# ABOUT THIS TASK
Please write out all the data that follows exactly, without the pictures.

# DATASET EXTRACT
-- Opening Marker --
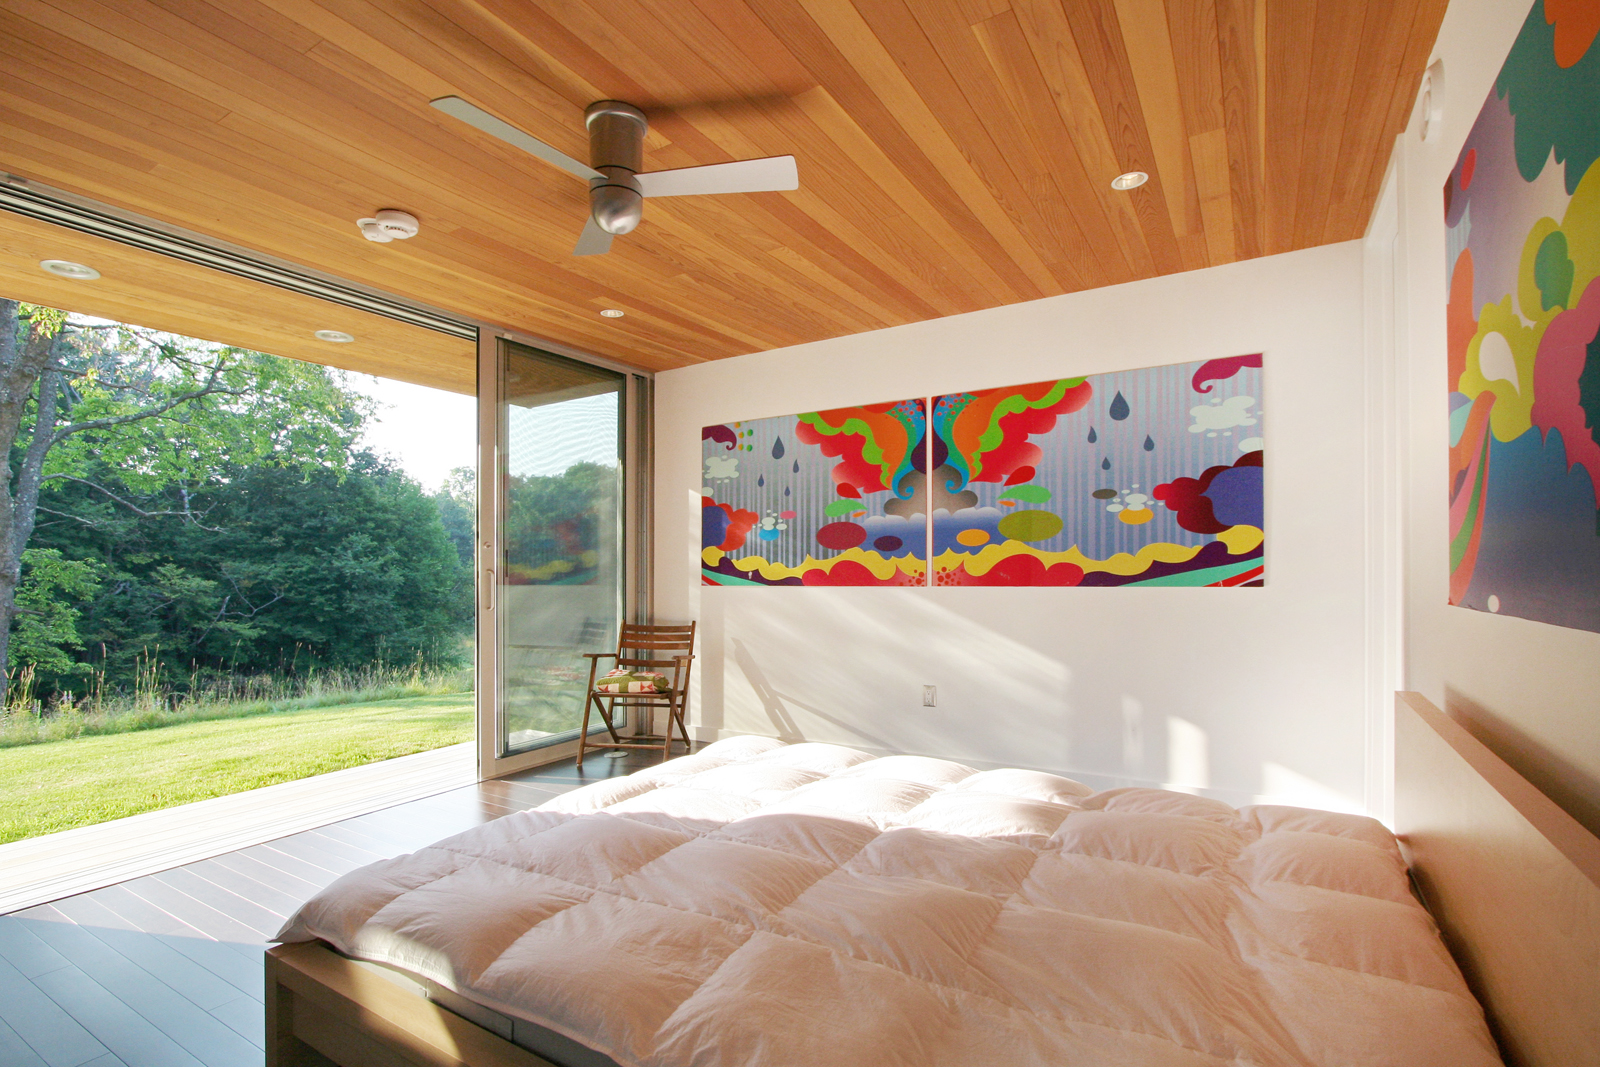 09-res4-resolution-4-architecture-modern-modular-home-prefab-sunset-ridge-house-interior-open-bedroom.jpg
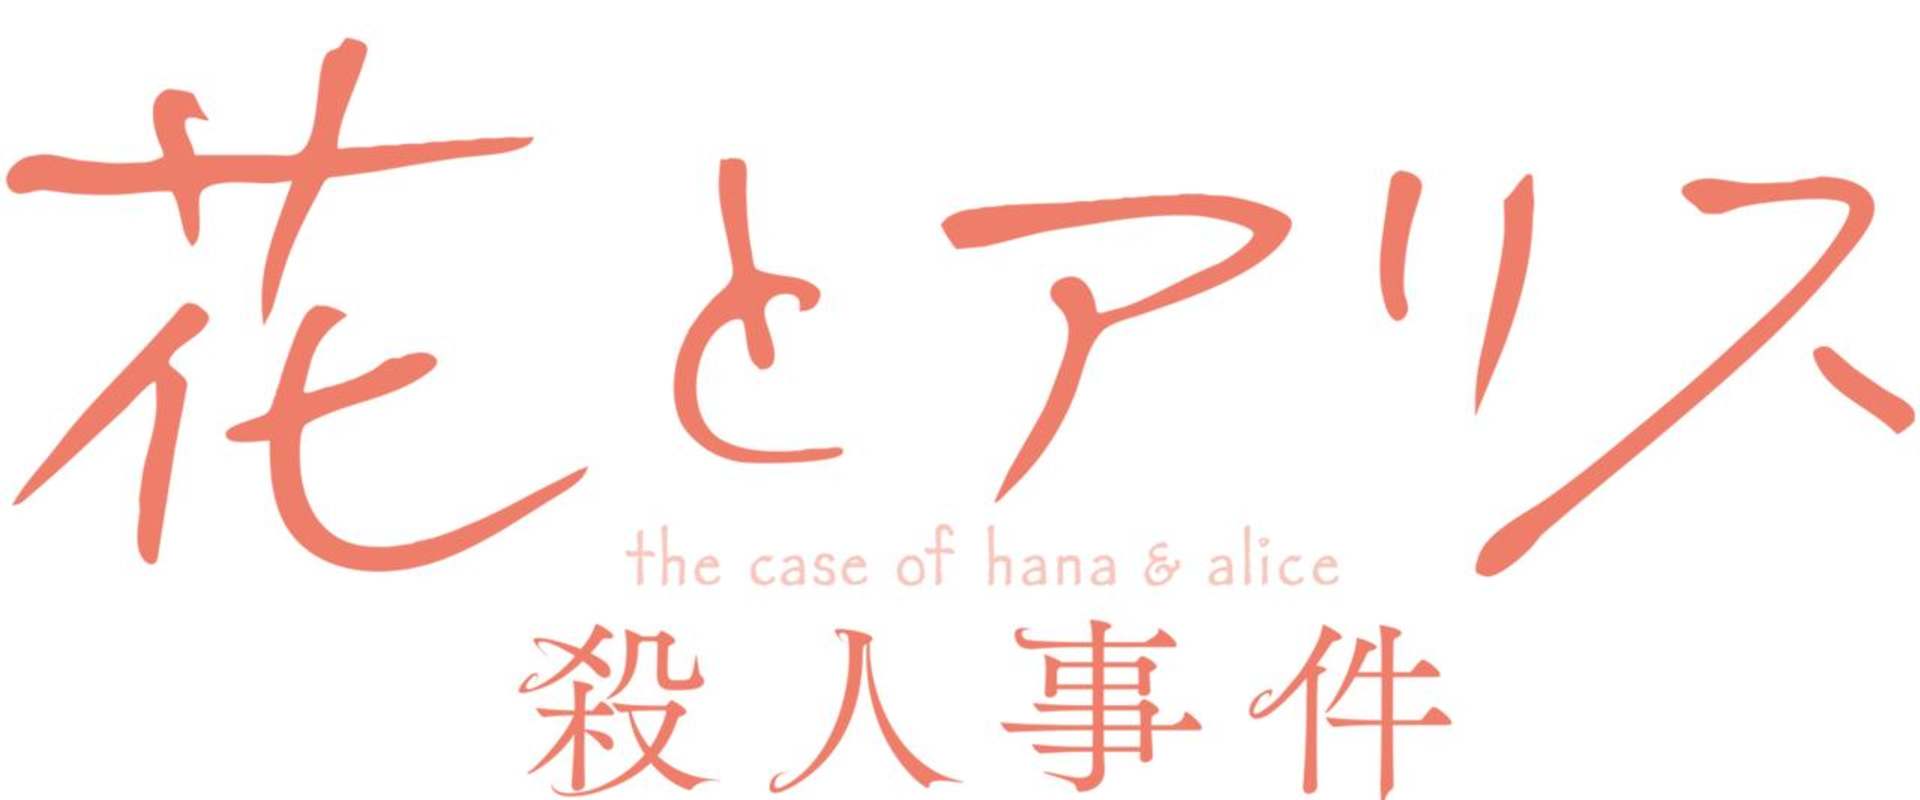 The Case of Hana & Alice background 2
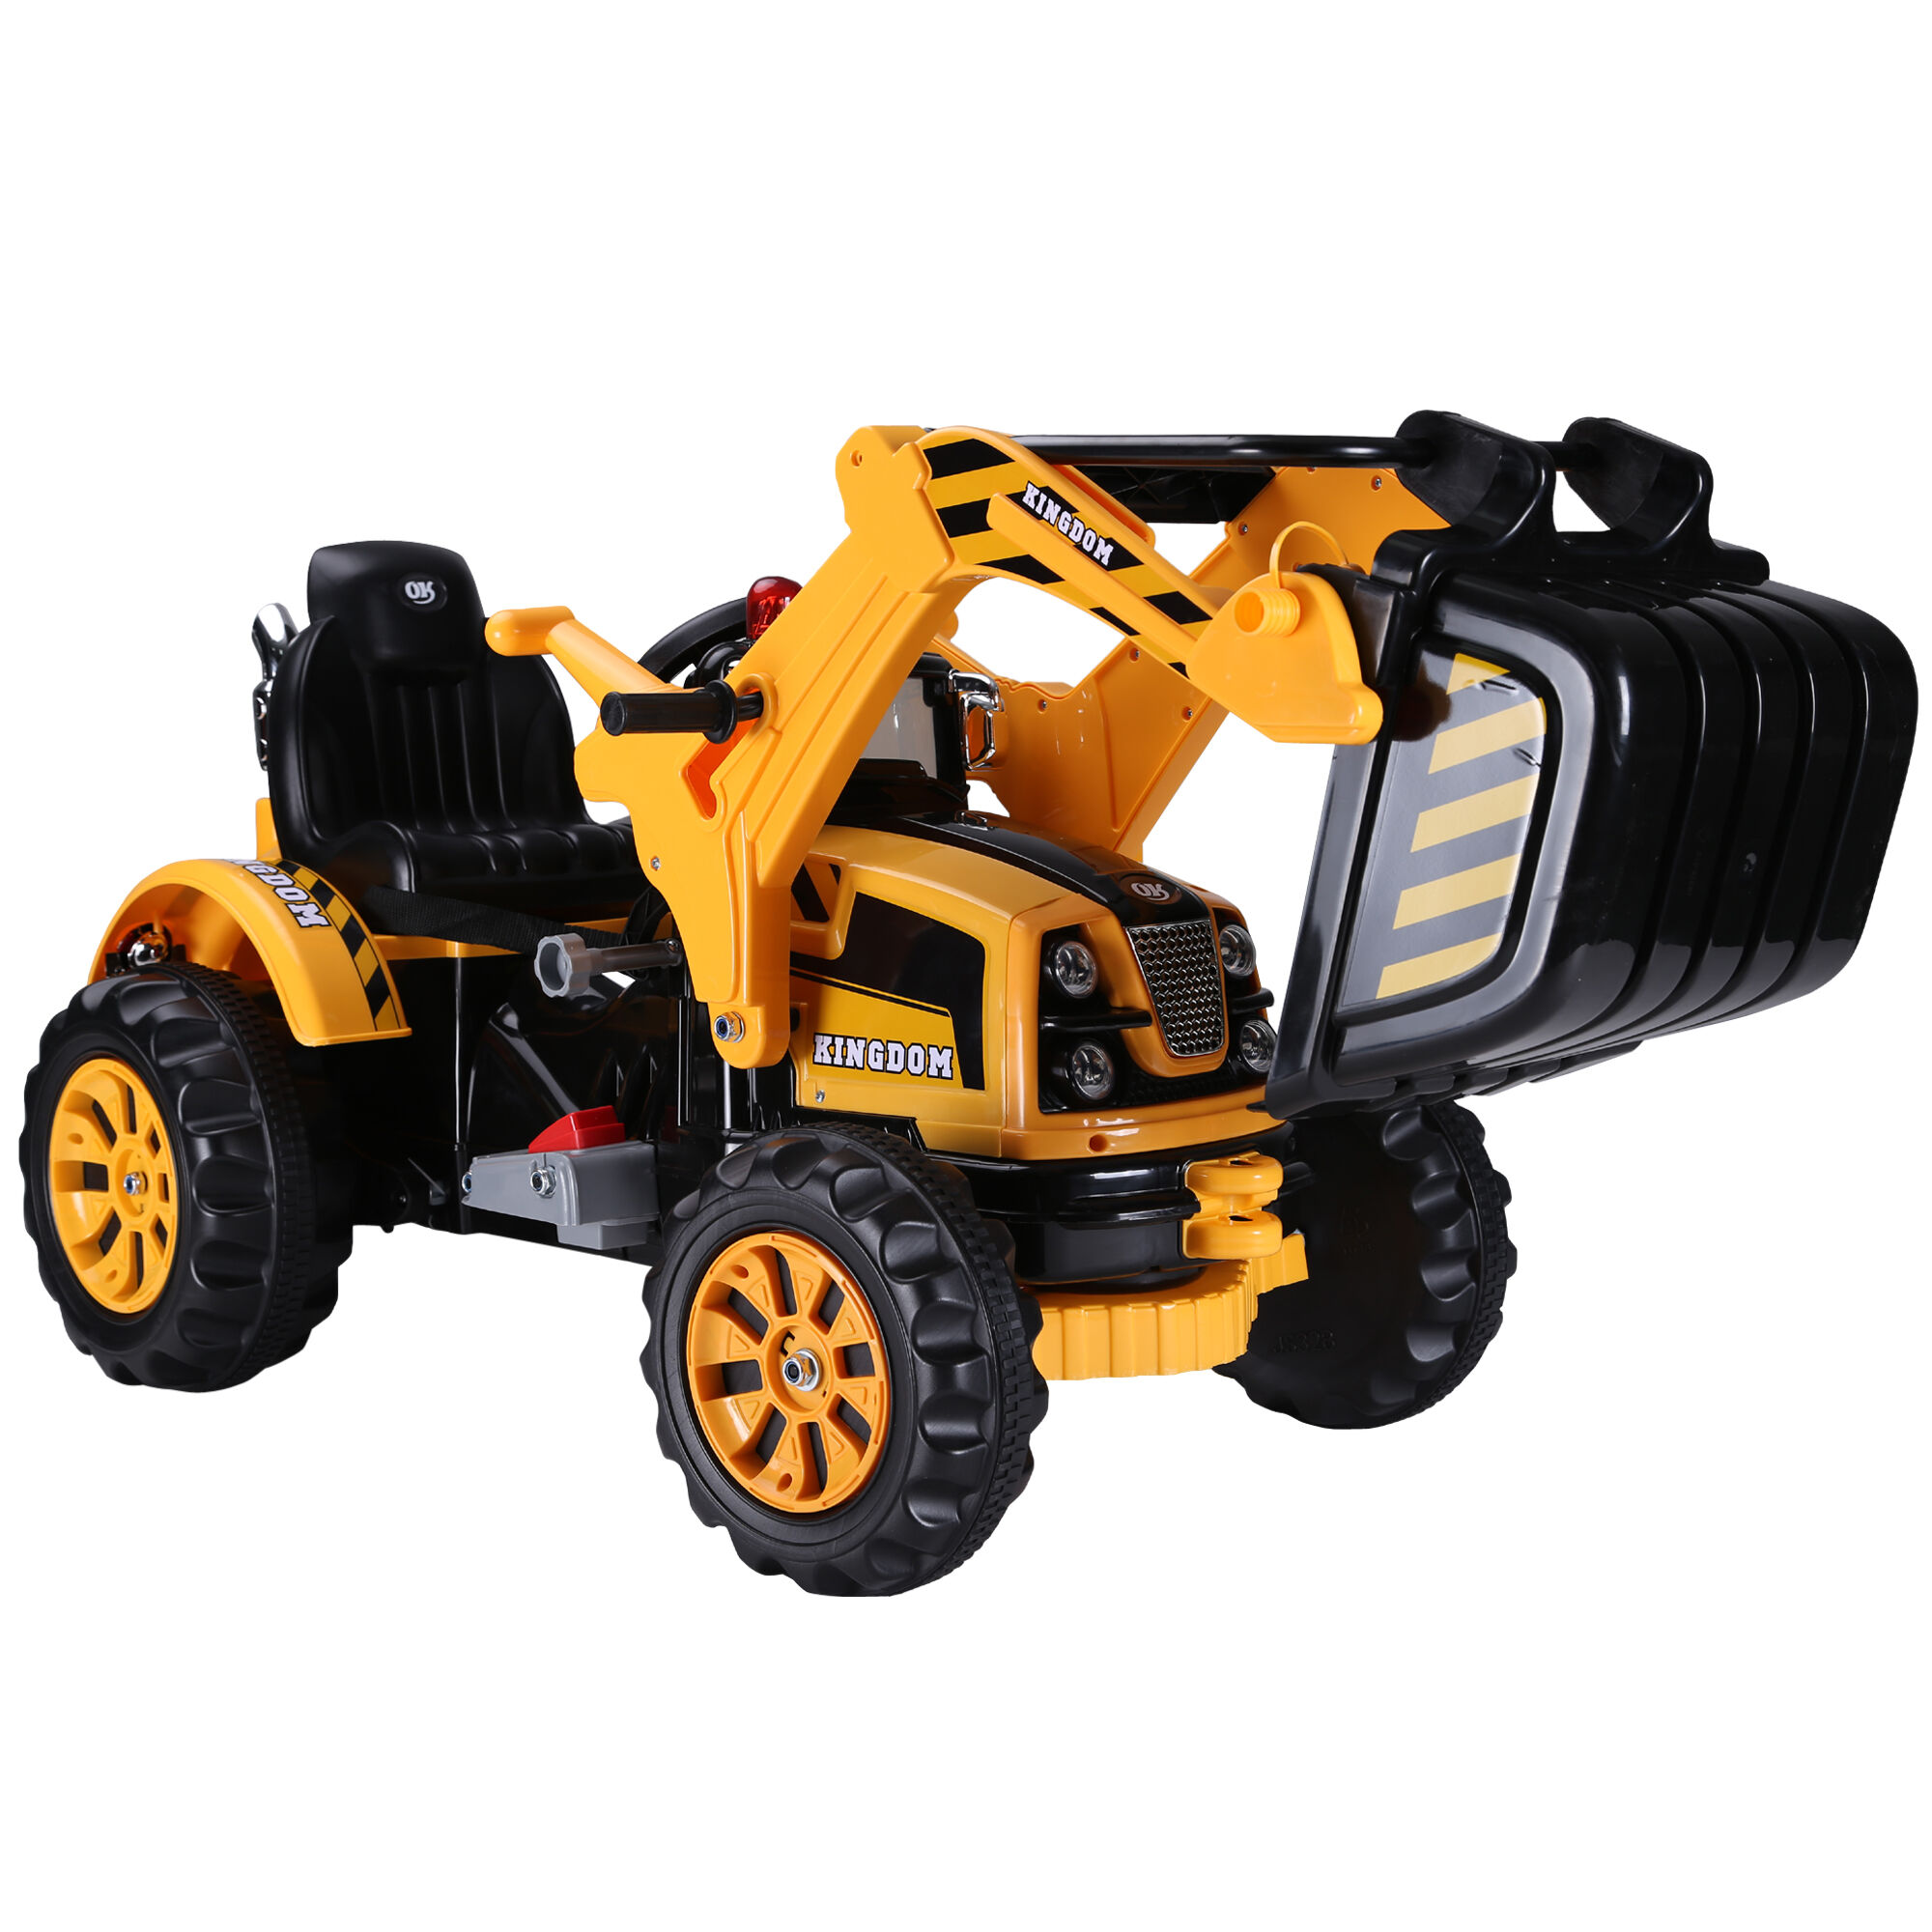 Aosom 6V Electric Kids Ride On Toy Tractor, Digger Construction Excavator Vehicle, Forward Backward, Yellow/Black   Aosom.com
-- Closing Marker --
# RESULT
 09-res4-resolution-4-architecture-modern-modular-home-prefab-sunset-ridge-house-interior-open-bedroom.jpg
 The Case of Hana & Alice background 2
 Aosom 6V Electric Kids Ride On Toy Tractor, Digger Construction Excavator Vehicle, Forward Backward, Yellow/Black   Aosom.com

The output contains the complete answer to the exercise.